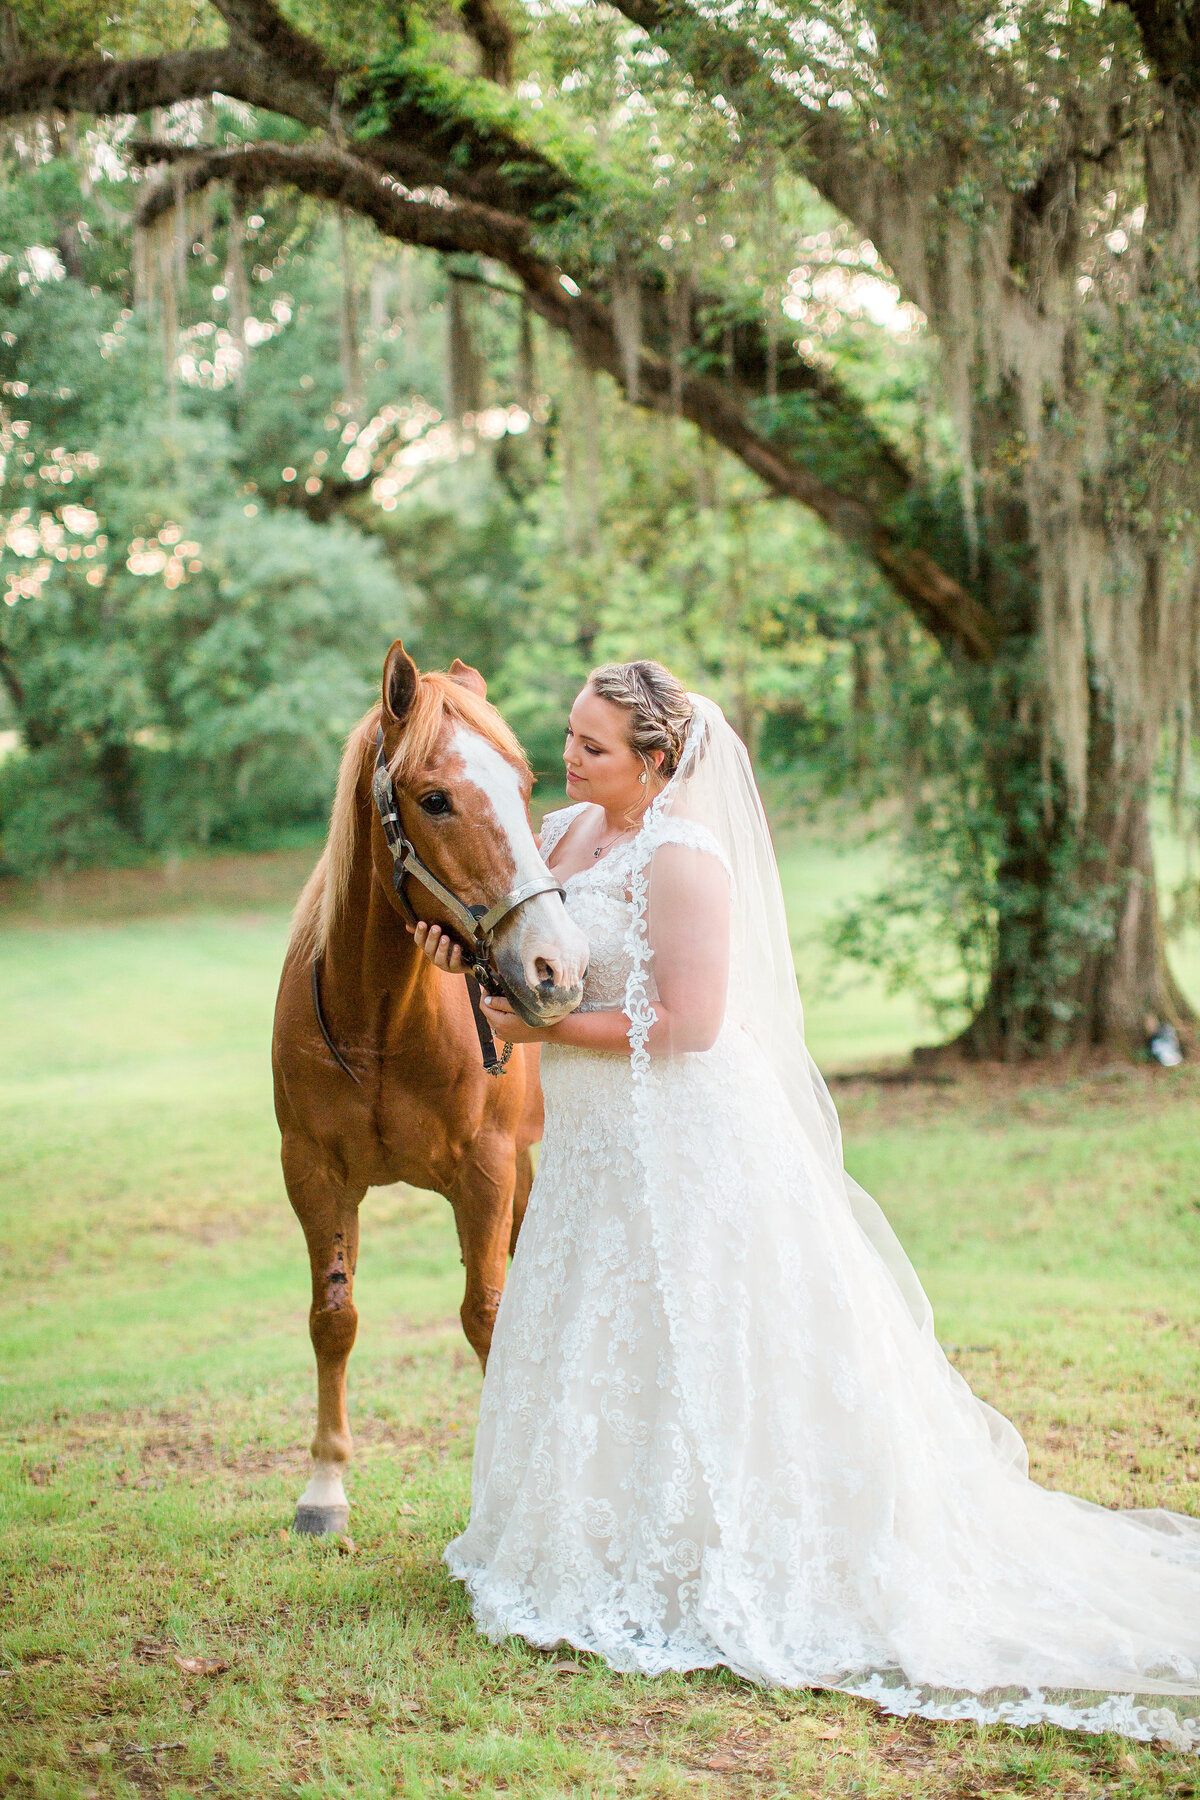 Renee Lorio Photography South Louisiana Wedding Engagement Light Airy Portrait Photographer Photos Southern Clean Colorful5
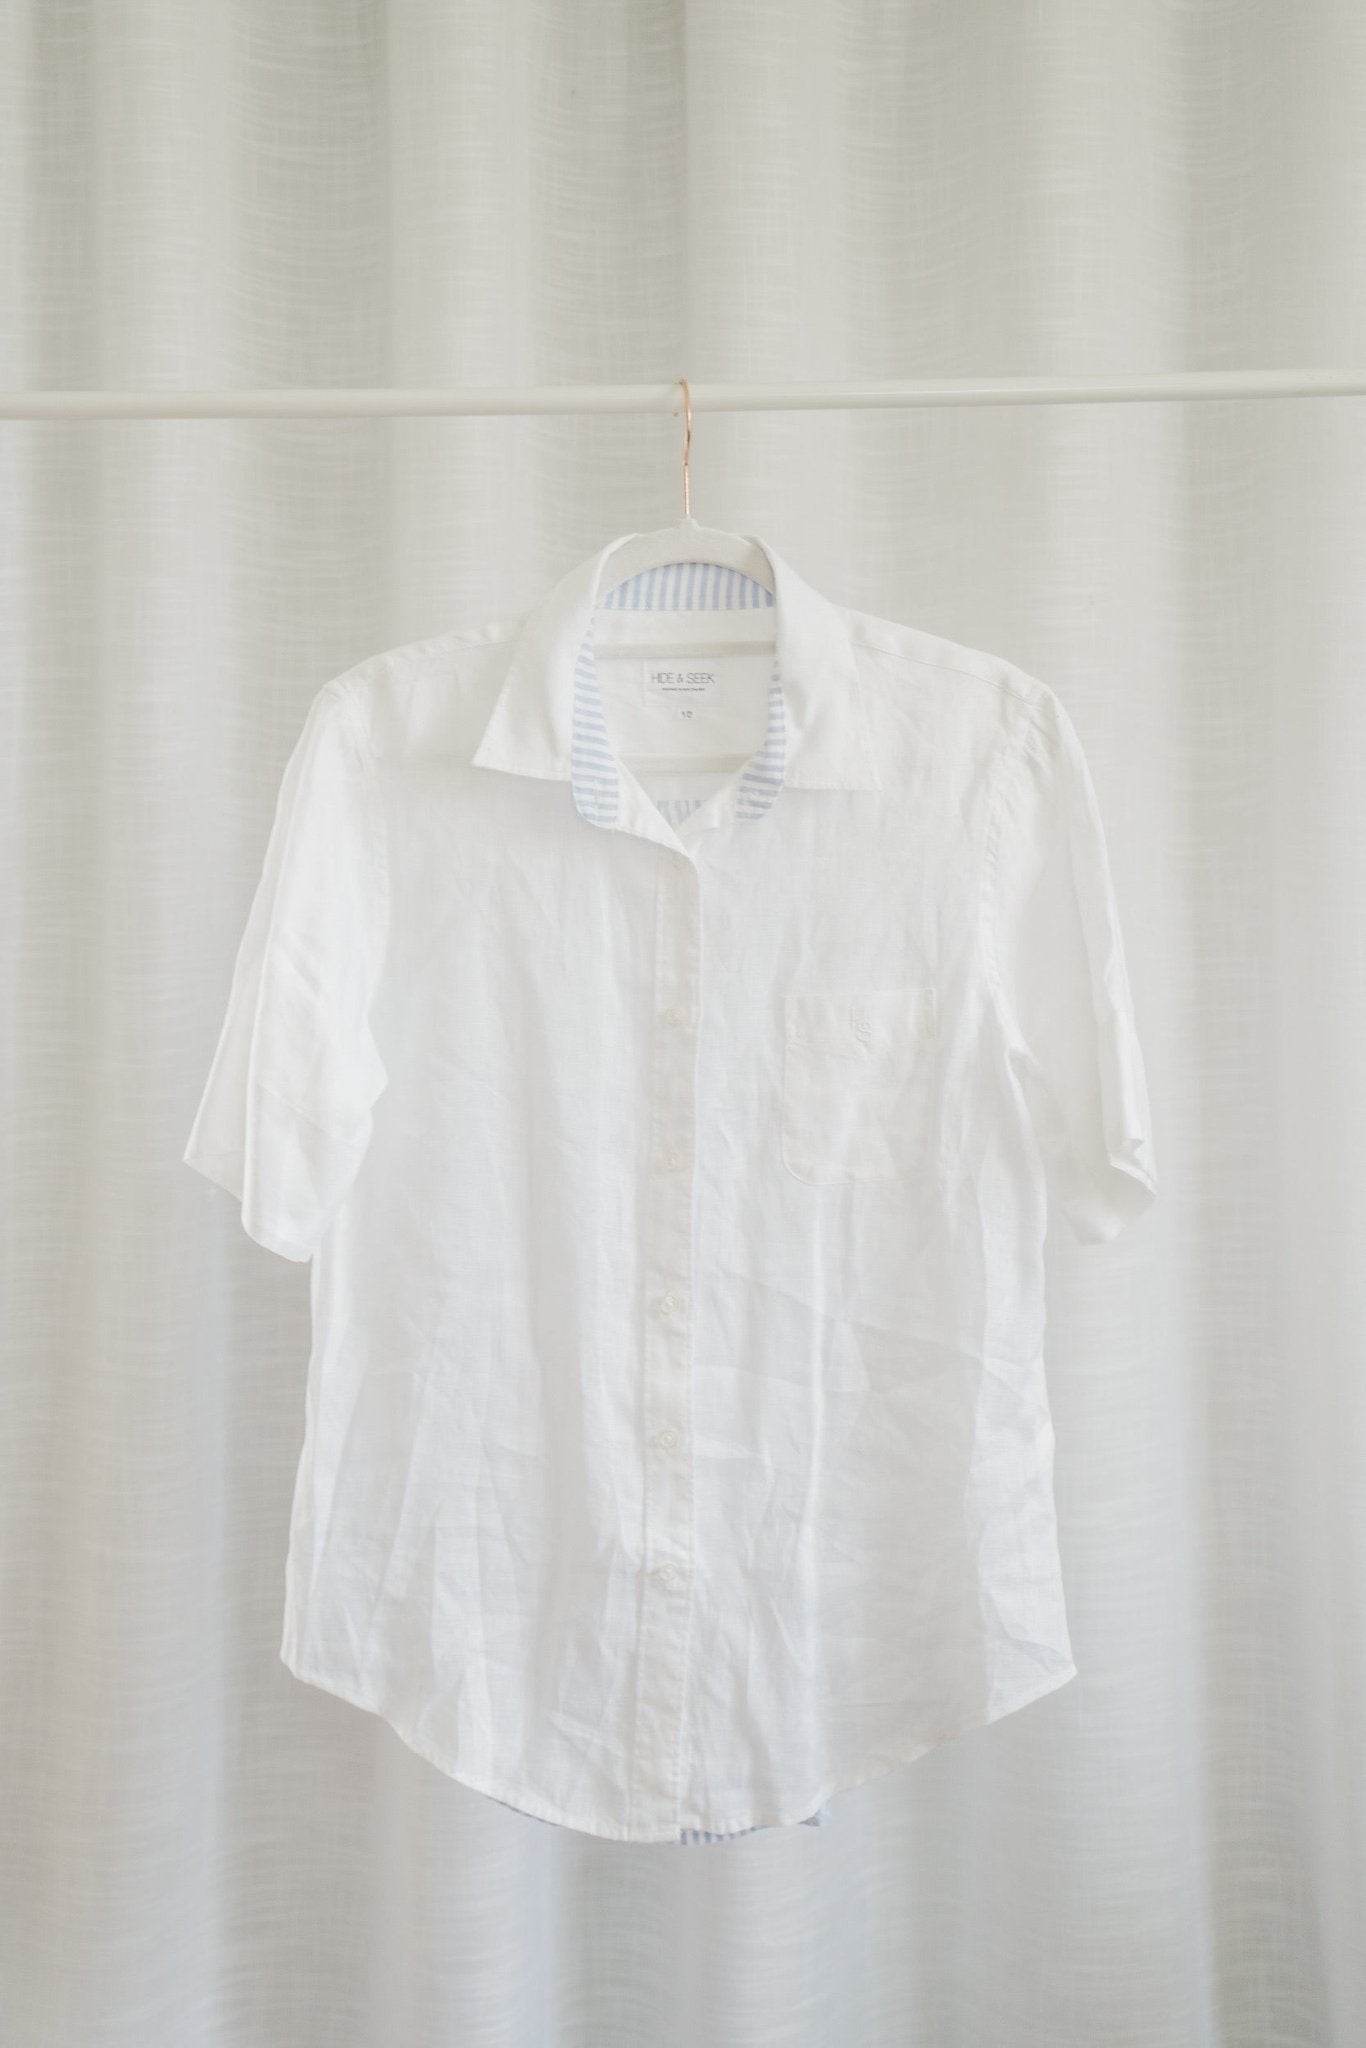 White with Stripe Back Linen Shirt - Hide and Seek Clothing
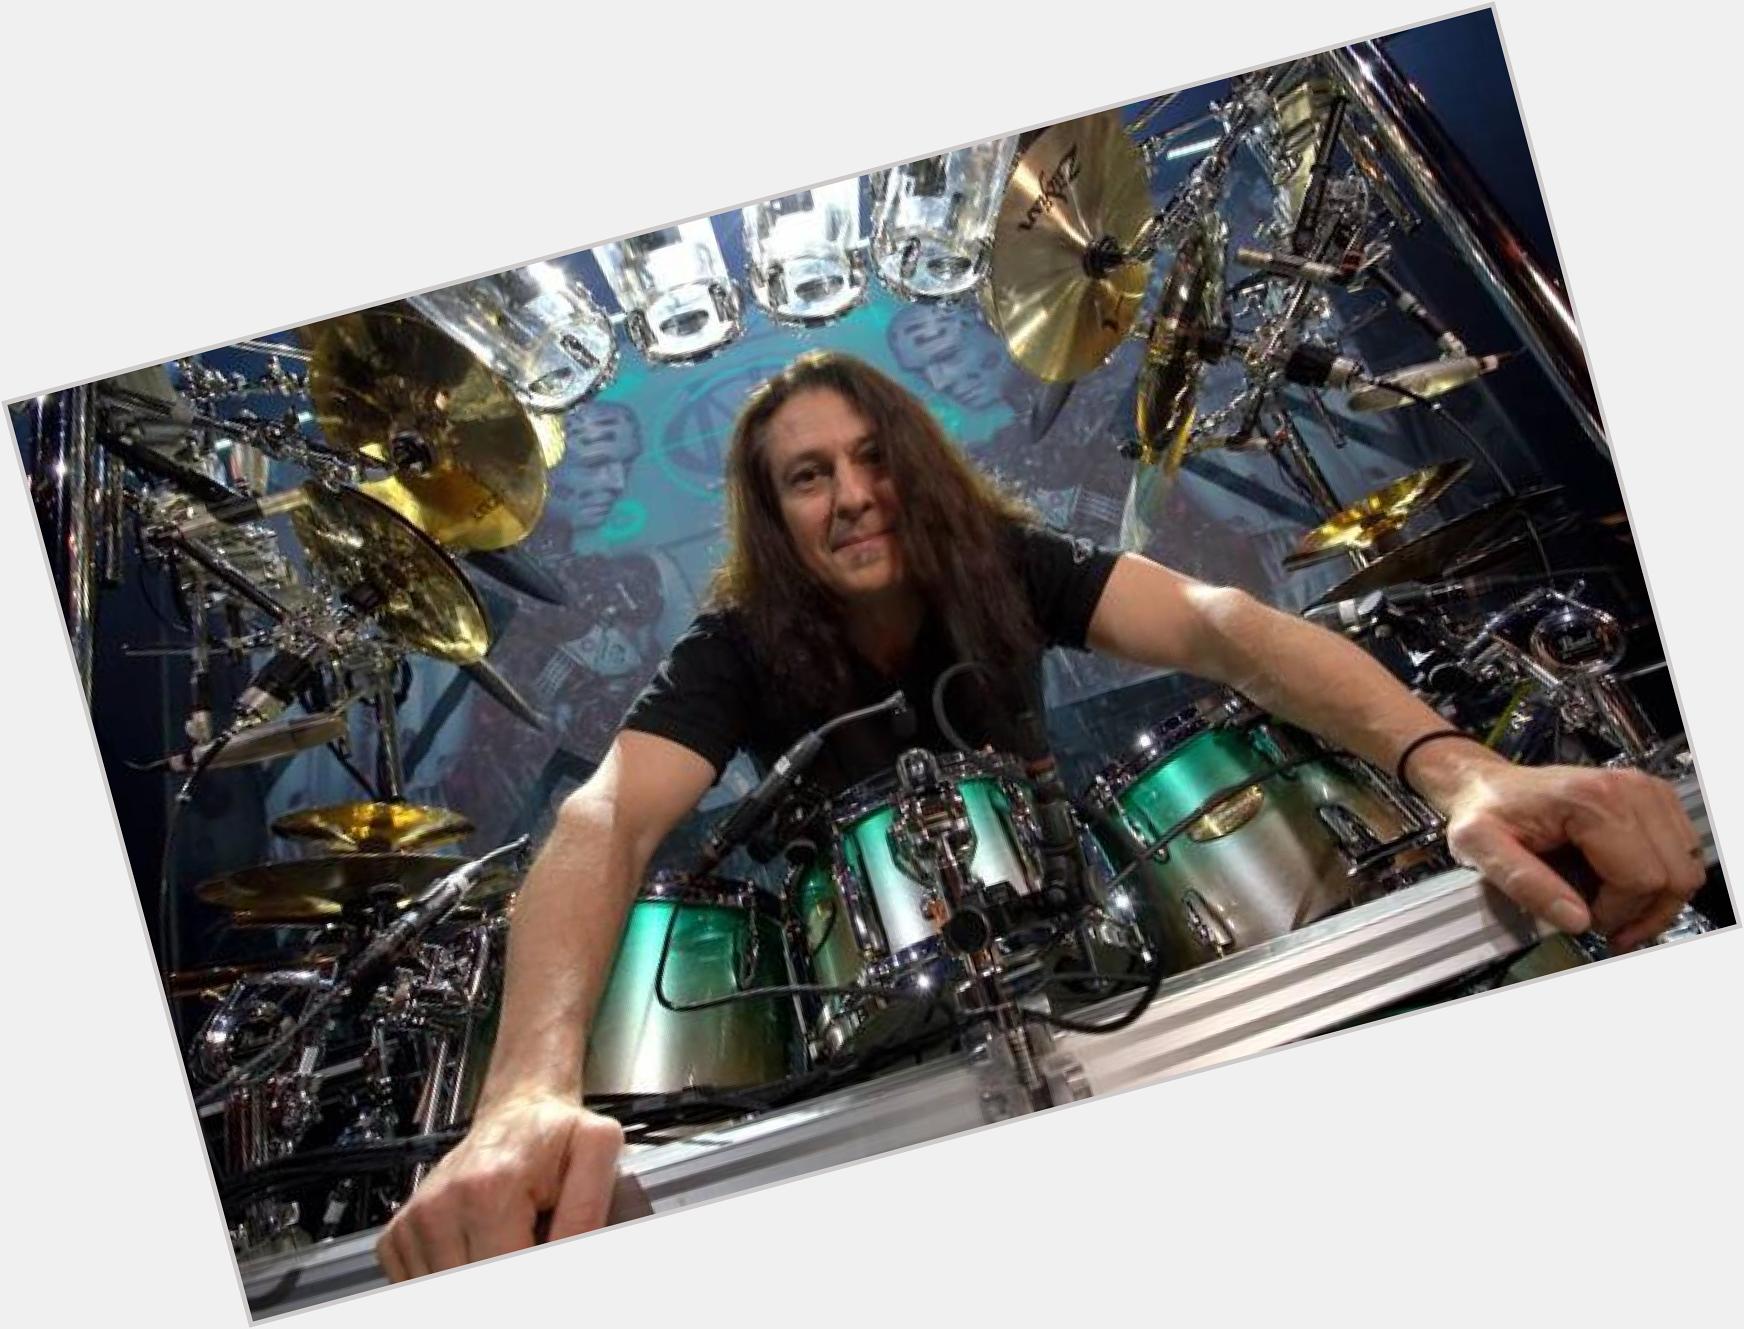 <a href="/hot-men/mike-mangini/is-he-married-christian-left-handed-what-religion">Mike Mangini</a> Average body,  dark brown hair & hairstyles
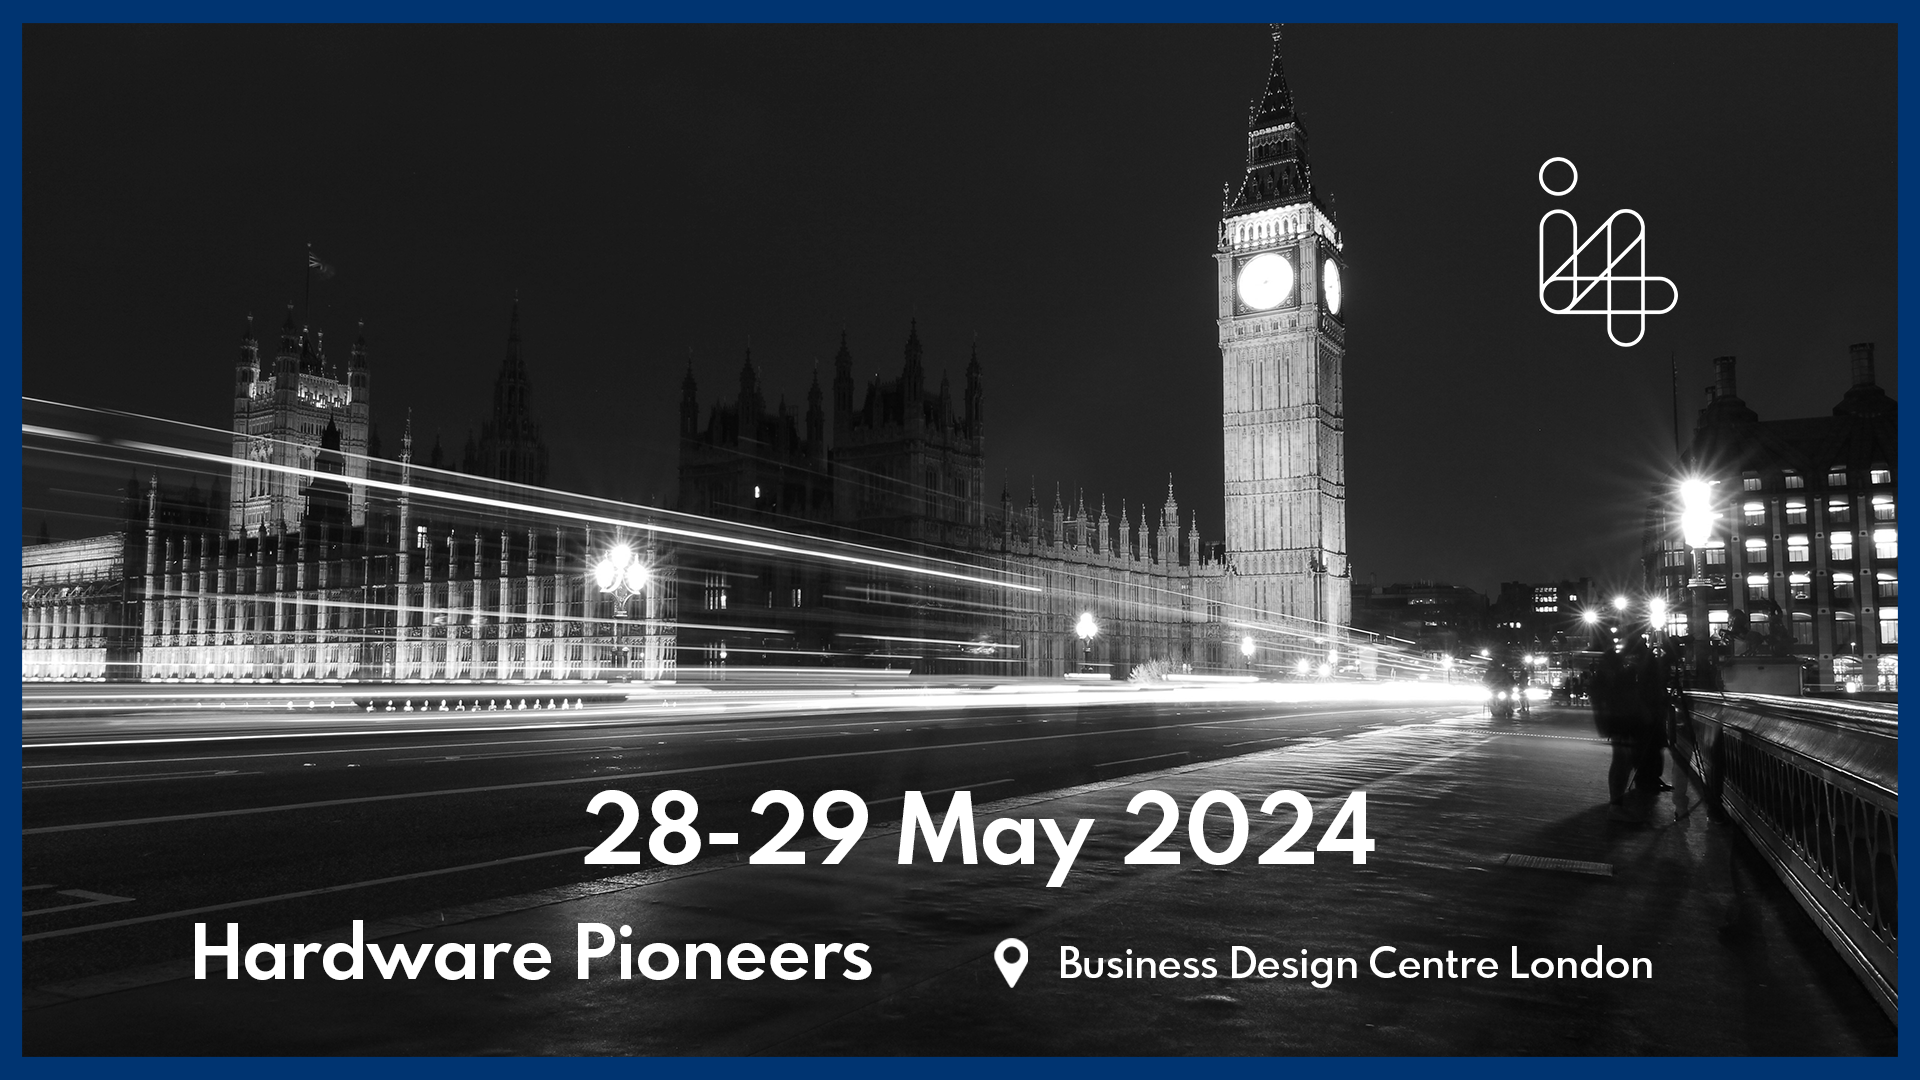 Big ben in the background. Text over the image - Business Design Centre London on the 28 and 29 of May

— What the exercise asks —
Take the lines from the start of the material to the line with "White with Stripe", both included, and transcribe them exactly without the pictures.

— Response —
 Renee Lorio Photography South Louisiana Wedding Engagement Light Airy Portrait Photographer Photos Southern Clean Colorful5
 White with Stripe Back Linen Shirt - Hide and Seek Clothing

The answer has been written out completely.